Mehr als die Hälfte der befragten Unternehmen (54 Prozent) arbeitet inzwischen zumindest teilweise in einer Cloud-Umgebung. 49 Prozent nannten dabei erhöhte IT-Sicherheit als wesentlichen Treiber, weitere Motive waren Flexibilität und Mobilität (44 Prozent) sowie geringere Hardware- und Wartungskosten (38 Prozent).
Die Studienergebnisse zeigen jedoch auch eine Kehrseite: 31 Prozent der Cloud-nutzenden Unternehmen berichteten von einer Betriebsunterbrechung infolge eines Cybervorfalls. Bei Unternehmen ohne Cloud-Nutzung waren es lediglich 14 Prozent. Werden Sicherheitsmaßnahmen vernachlässigt, können durch die Cloud neue Angriffsflächen entstehen.
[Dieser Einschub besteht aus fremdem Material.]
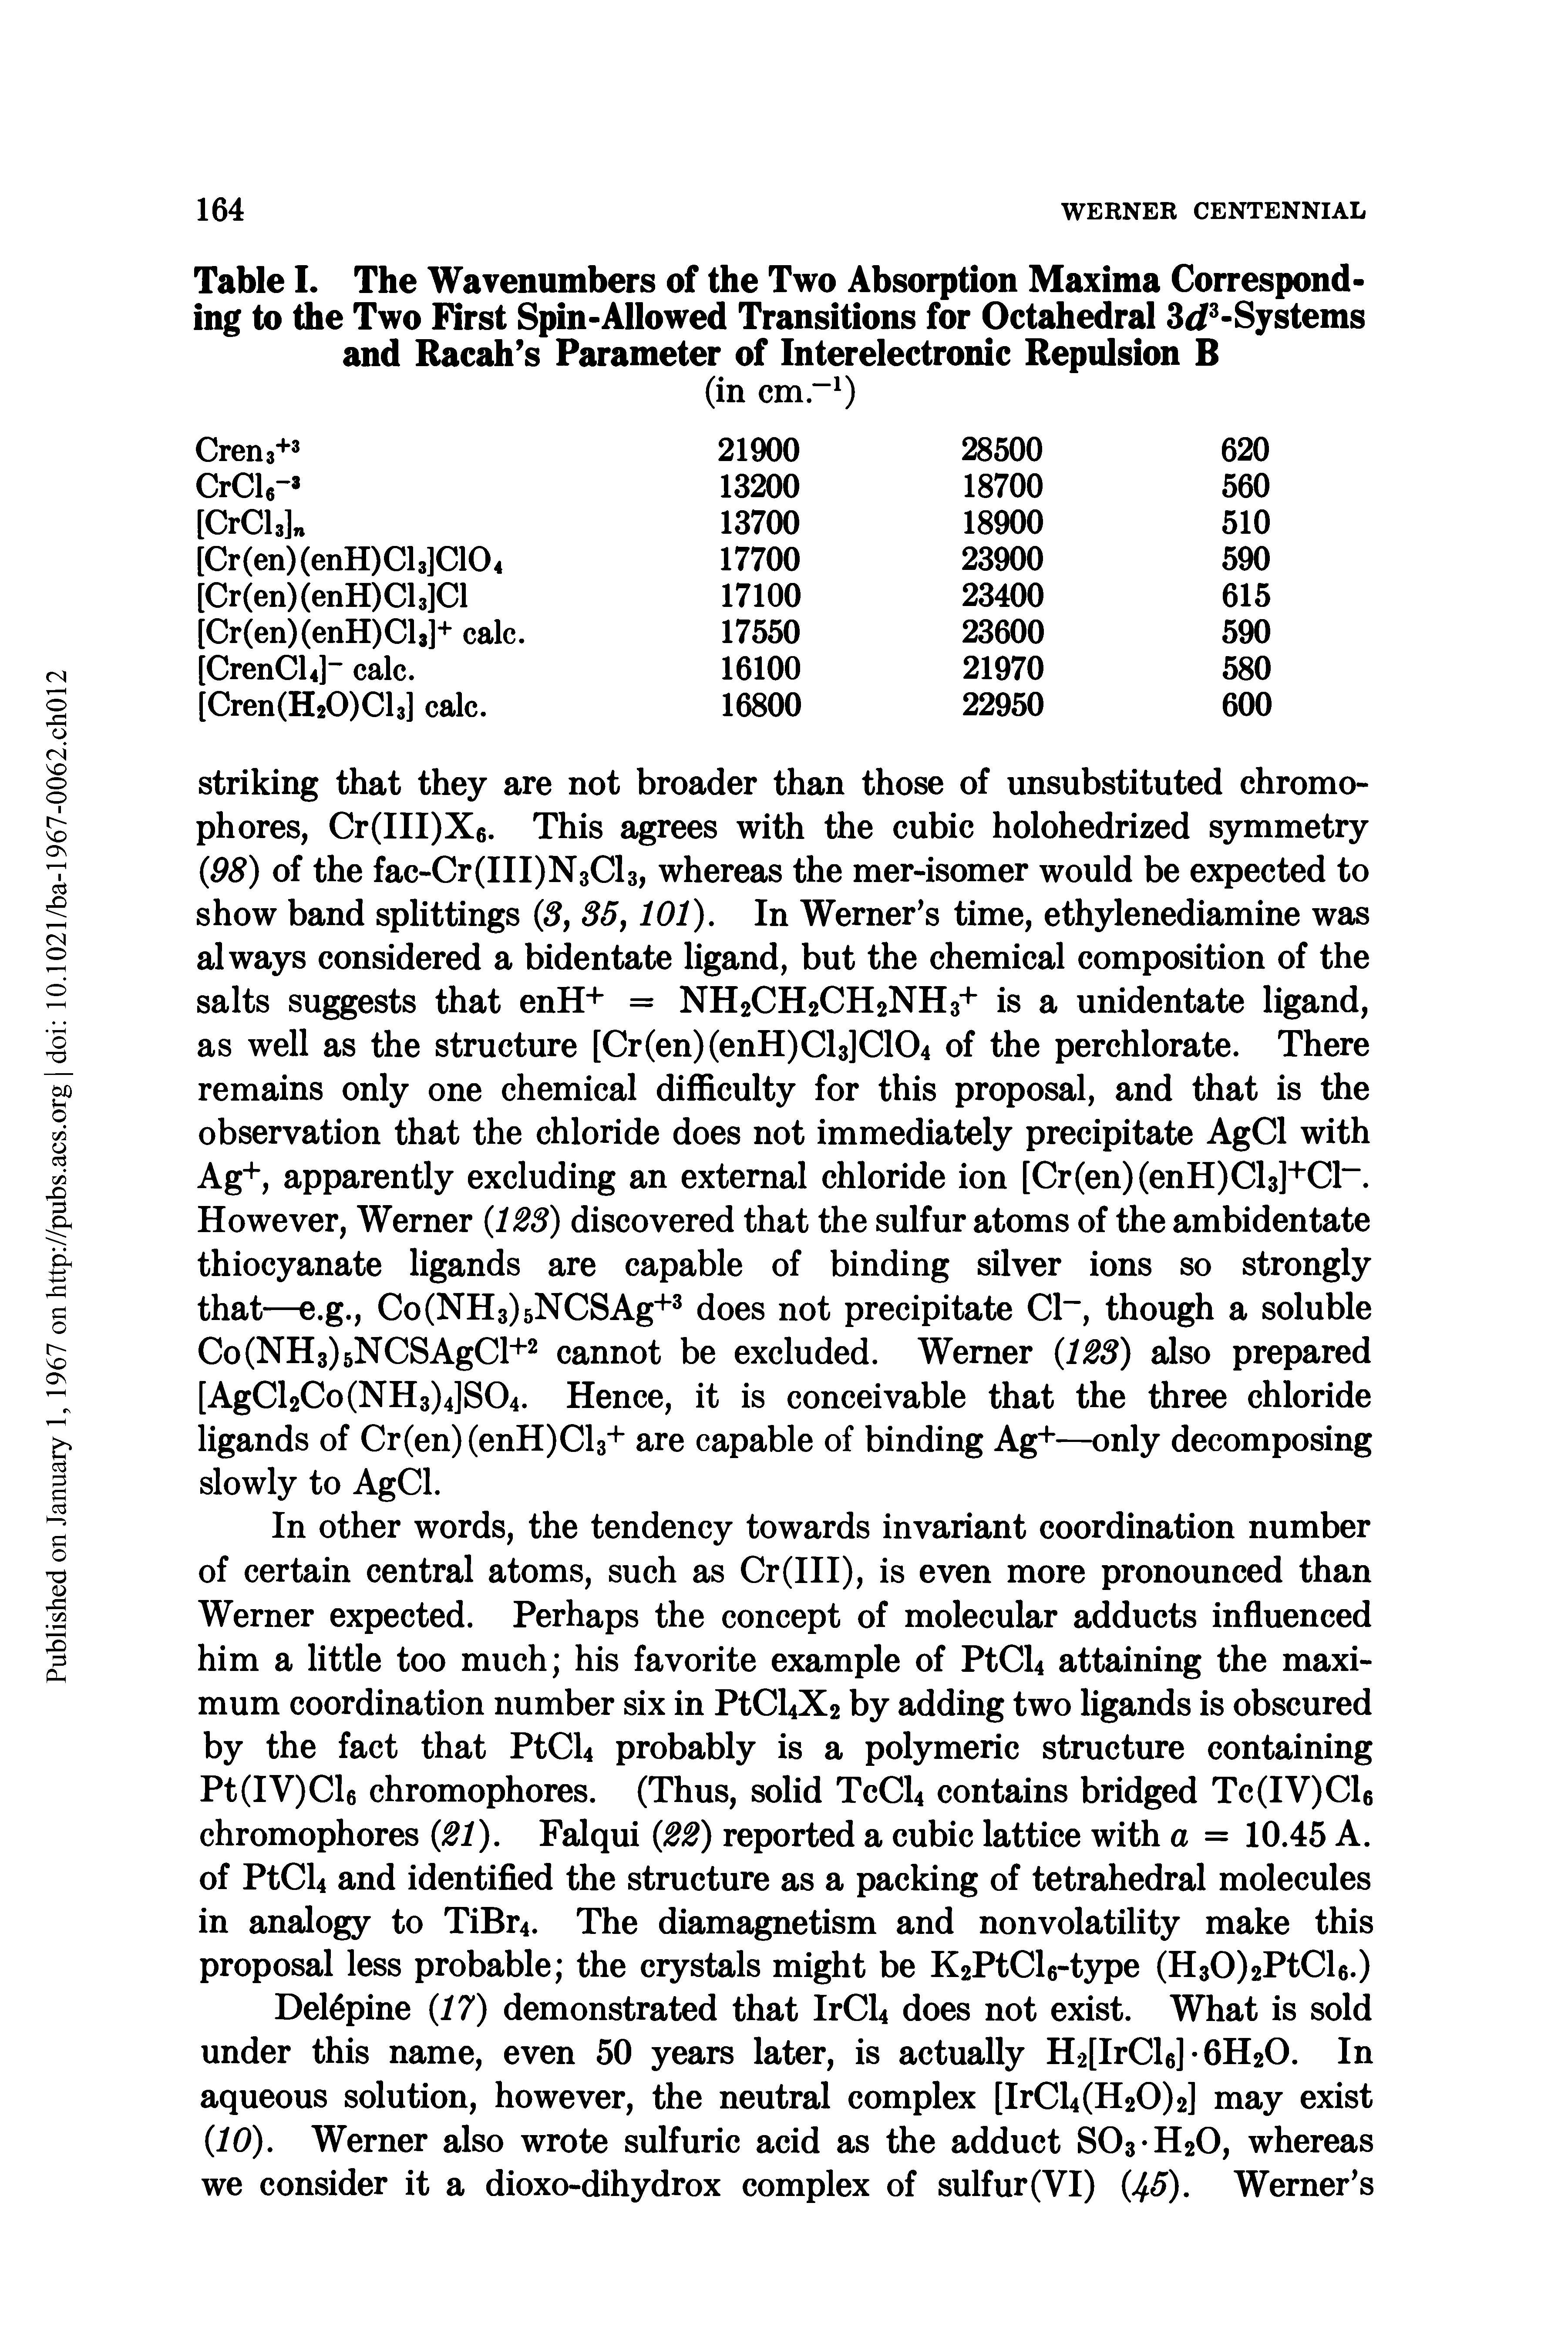 Table I. The Wavenumbers of the Two Absorption Maxima Corresponding to the Two First Spin-Allowed Transitions for Octahedral 3<f -Systems and Racah s Parameter of Interelectronic Repulsion B...

Phishing bleibt Haupteinfallstor und KI verändert das Bedrohungsbild
Der Mensch bleibt das zentrale Einfallstor in die Unternehmens-IT. Phishing-Mails waren die häufigste Angriffsmethode: 64 Prozent der in den zwölf Monaten vor der Befragung attackierten Unternehmen berichten davon, gefolgt von E-Mails mit Schadsoftware (47 Prozent) und versehentlichem Download von Schadsoftware aus dem Internet (30 Prozent).
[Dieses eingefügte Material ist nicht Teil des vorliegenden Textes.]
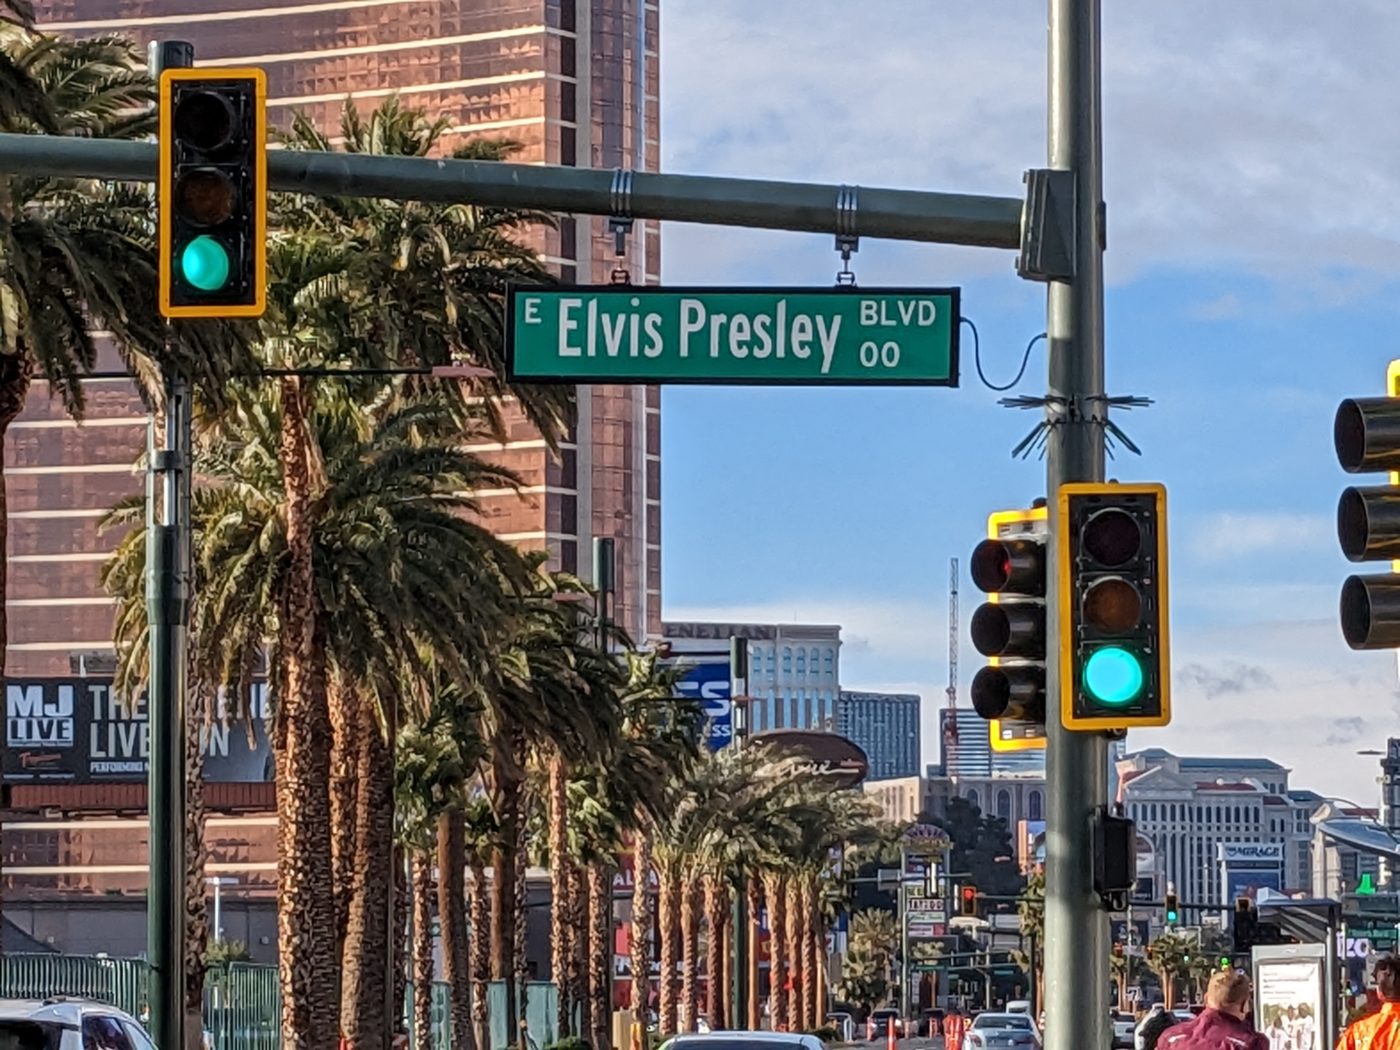 Photo of Las Vegas Boulevard taken in February 2023 that includes a close up of the street sign for Elvis Presley Boulevard.

Zunehmend spielen auch KI-gestützte Angriffe eine Rolle. „CEO-Fraud oder Deepfake-basierte Täuschungen werden im Jahr 2026 von einem relevanten Anteil der Unternehmen als ernsthafte Risiken wahrgenommen“, erklärt Bertram. Laut Studie waren bereits sieben Prozent der Befragten mit CEO-Fraud oder Zahlungsbetrug konfrontiert, 27 Prozent sehen dieses Szenario als relevantes Risiko. Deepfake-Angriffe haben vier Prozent der Unternehmen erlebt, 24 Prozent schätzen sie als relevant ein.
Die Wahrnehmung von KI insgesamt ist dennoch mehrheitlich positiv: 55 Prozent der Befragten sehen KI als Chance, nur 21 Prozent als Risiko. 26 Prozent sind der Ansicht, dass KI die Cyber-Resilienz ihres Unternehmens stärkt, elf Prozent sehen darin eher eine Schwächung. Mit zunehmender Unternehmensgröße fällt die Einschätzung dabei tendenziell positiver aus – Kleinunternehmen stehen der Technologie kritischer gegenüber.